**Work instructions**
Could you return each entry below exactly as written, minus any pictures?

+ + +

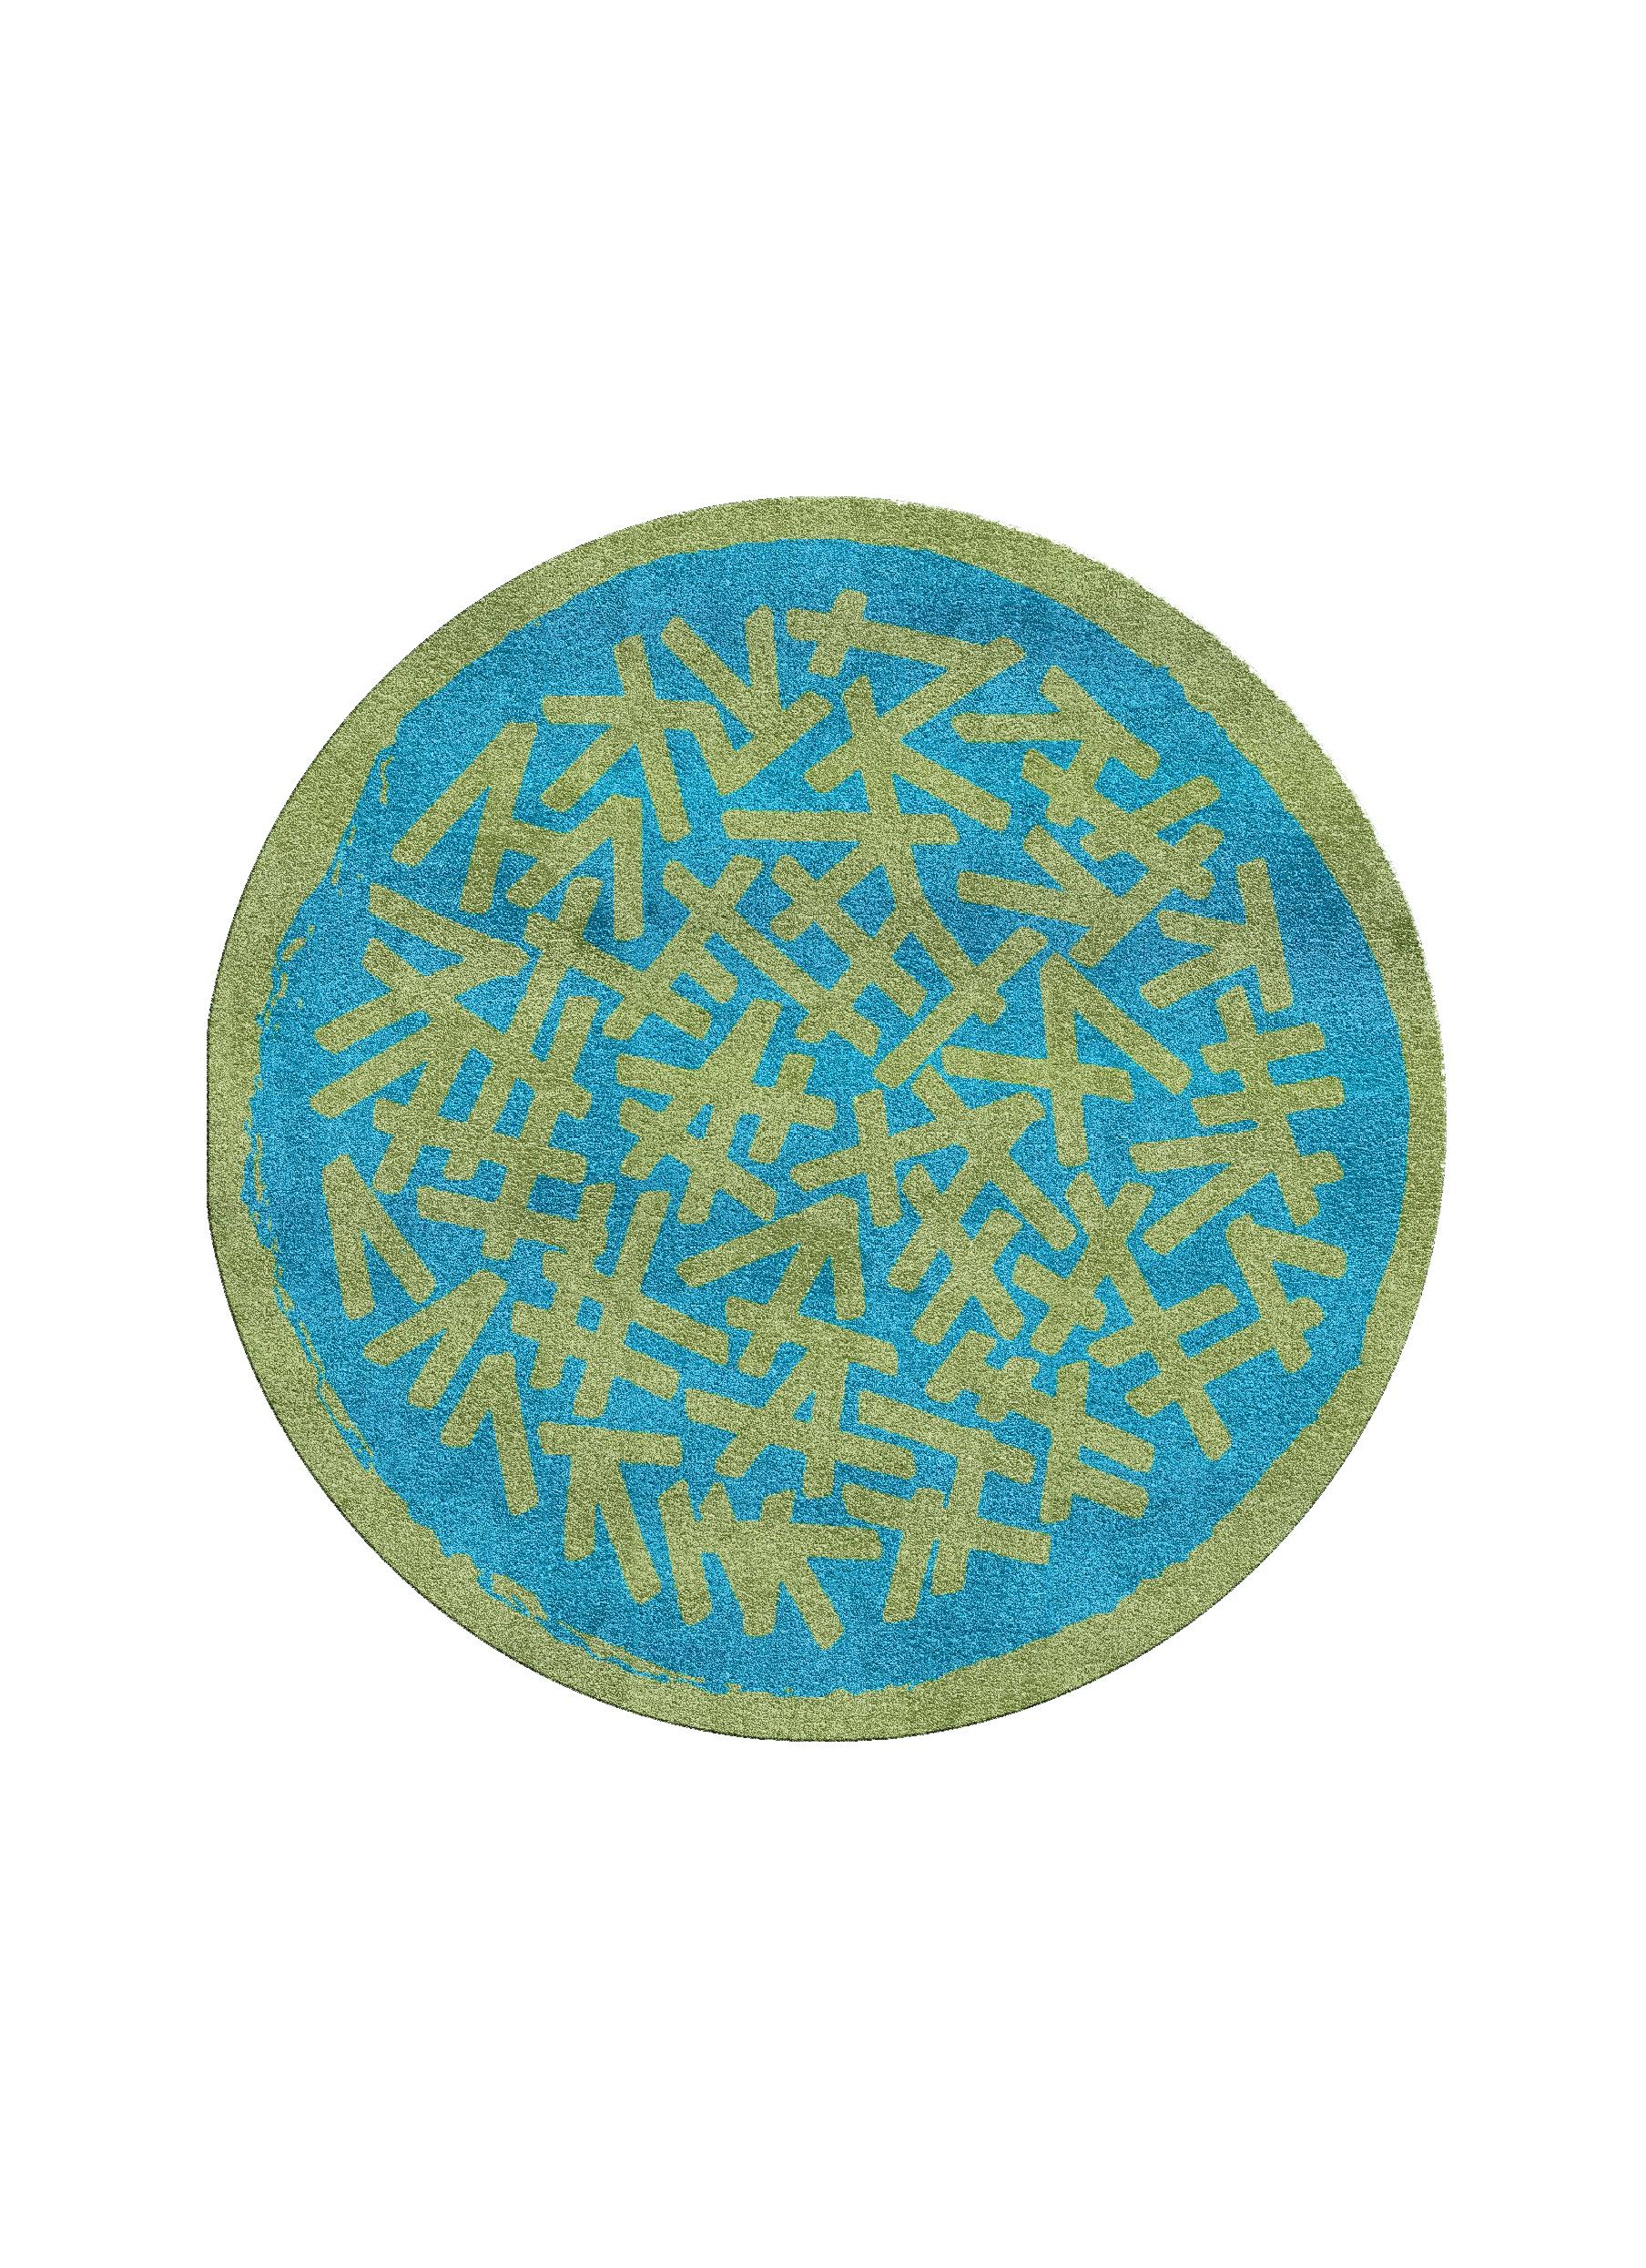 Circular rug III by Raul
Dimensions: D 200 cm
Materials: viscose, linen
Available in other colors.

The Circular rug is part of a series called “Cosmic Dance” envisioning a pattern made of dance movements. Shapes and forms harmoniously blend

+ + +

**Response area**
 Circular rug III by Raul
Dimensions: D 200 cm
Materials: viscose, linen
Available in other colors.

The Circular rug is part of a series called “Cosmic Dance” envisioning a pattern made of dance movements. Shapes and forms harmoniously blend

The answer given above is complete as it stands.